Now, nearing 70, Mr. Delgado is donning a pair of scuffed boots and making the trek again - past fields of plums and oranges and grapes that he helped harvest for 53 years - in hopes of improving conditions for a new generation.

``Wages have gone up 50 cents in 10 years,'' he says, the staff of a red-and-black union flag wedged in his back pocket. ``There is no way people can live like that.''

Mr. Delgado is part of an attempt by the United Farm Workers (UFW), once one of the most dynamic and controversial union movements in America, to commemorate its past and become a force again in the future.

One year after the death of its founder, the UFW is retracing the path of its seminal 1966 march to honor Mr. Chavez and to rededicate itself to improving life in the fields.

It won't be easy.

Unions in general are struggling to attract members, and as the UFW goes back to emphasizing organizing, it faces competition from other labor groups moving in amid the cabbage and cucumbers.

``The UFW has certainly been the single most important influence on farm labor rights in my lifetime,'' says Don Villarejo, executive director of the California Institute for Rural Studies in Davis, a private nonprofit group. ``But there are very large factors at work that make it difficult to organize now.''

The march that began at the tiny UFW compound in Delano, Calif., will move up the spine of the Central Valley, the world's most productive vegetable garden, to Sacramento, where it is scheduled to end April 23.

On the eight day of the march, some 300 marchers enter this small community 200 miles north of Los Angeles at the end of another 18-mile trek. With the sun hot overhead and feet complaining underneath, the group moves down the blacktop in a thin line, waving UFW banners, clutching pictures of Chavez, and shouting ``It can be done!''

Marchers welcomed

In a town overwhelmingly Hispanic and predominantly made up of farm laborers, the welcome is enthusiastic. Kids wave from the windows of clapboard houses. Townsfolk prepare tortillas, beans, and rice for a community dinner. The mayor and other local officials greet the marchers under a mulberry tree in Earl Ruth Park.

``To residents, this is just as important as a presidential visit,'' says Armando Lopez, Parlier's vice mayor. ``Cesar Chavez was our hero - and continues to be.''

That may be part of the point. The UFW would like to revive some of the magic of an earlier era. But memorials alone are not enough, and even Chavez, the field hand with the seventh-grade education who went on to become a national symbol, was not considered much of a force in California agriculture in later years.

The march represents a shift in strategy by the UFW. In the 1980s the union, feeling stymied by the state Agricultural Labor Relations Board (ALRB), decided to emphasize a national grape boycott over organizing workers. It believed the board, which oversees the state's collective-bargaining law, had become pro-grower under two successive Republican administrations in Sacramento.
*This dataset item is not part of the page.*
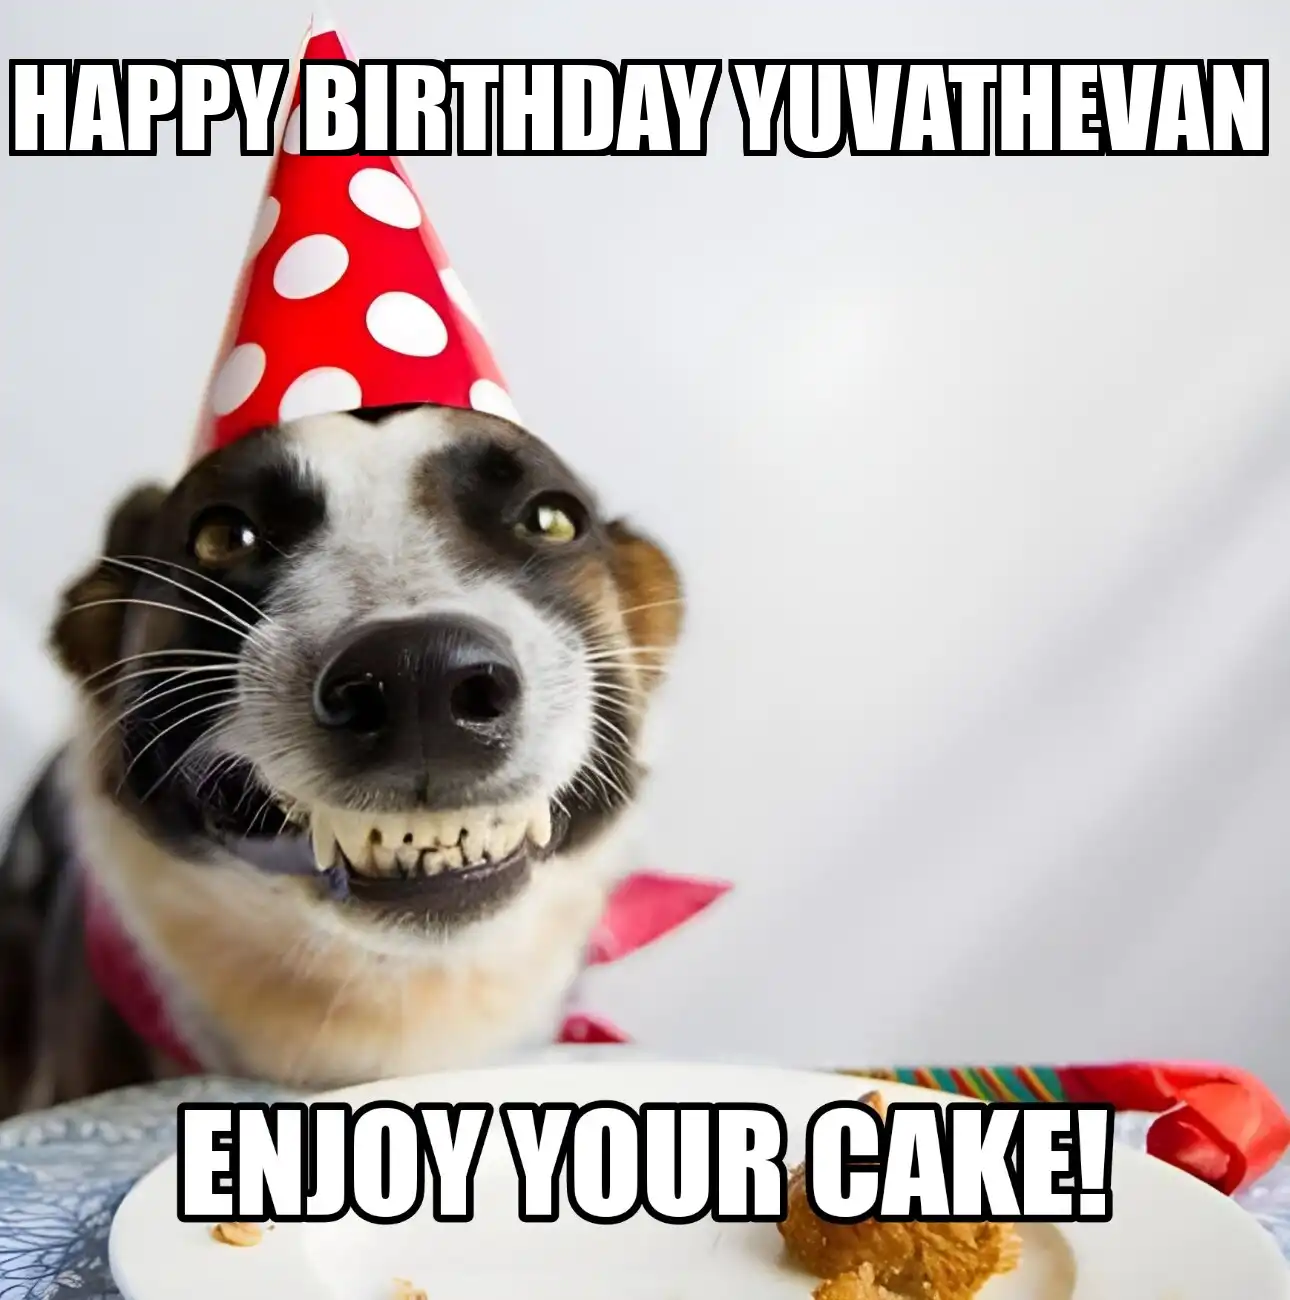 Happy Birthday Yuvathevan Enjoy Your Cake Dog Meme

Now the union is going back to the fields, fighting to see that existing contracts are enforced and pushing for new ones. The boycott will continue. It just won't be the centerpiece of the union's efforts. UFW leaders insist this ``second wave'' was what Chavez wanted.

Further Chavez's work

``This is a recommitment on all of our parts to carry on Cesar's work,'' says Arturo Rodriguez, Chavez's son-in-law and successor, strolling along in a T-shirt (``Pilgrimage 94''). ``We want to go directly to communities and workers and invite them to become part of the organization.''

In its heyday in the 1970s, the UFW counted more than 100,000 members. Now it has about 22,000. It once had contracts with 80 percent of the grape growers in the San Joaquin Valley. Now it has a handful among all growers.

Since 1990, according to the ALRB, the UFW has won two certification elections - and twice had its representation repealed. Even growers view the union with little more than bemusement.

``We view the march as an attempt at publicity more than anything else,'' says Bob Krauter, who is with the 75,000-member California Farm Bureau.

Growers call the grape boycott a ``colossal failure'' and doubt the union will have success in the fields. ``It is a big dice roll,'' says Bruce Obbink, president of the California Table Grape Commission, a marketing group. ``What they are trying to do is get back into the field after abandoning it for 15 years.''

UFW leaders, who have heard all the naysaying before, believe the time is ripe for an organizing revival. They cite deteriorating conditions on the farm: low wages, humiliating treatment, sexual harassment of women workers, no toilets or water in many fields - accusations farmers refute.

The UFW has signed up 8,000 ``associate members'' in the past year and has garnered pledges of support from 3,000 others during the march.

Countervailing forces exist, though. The UFW faces competition from local Teamsters and other agricultural unions. An anti-immigrant mood is pervasive in the land, and some young workers coming up from Mexico aren't familiar with the UFW's legacy.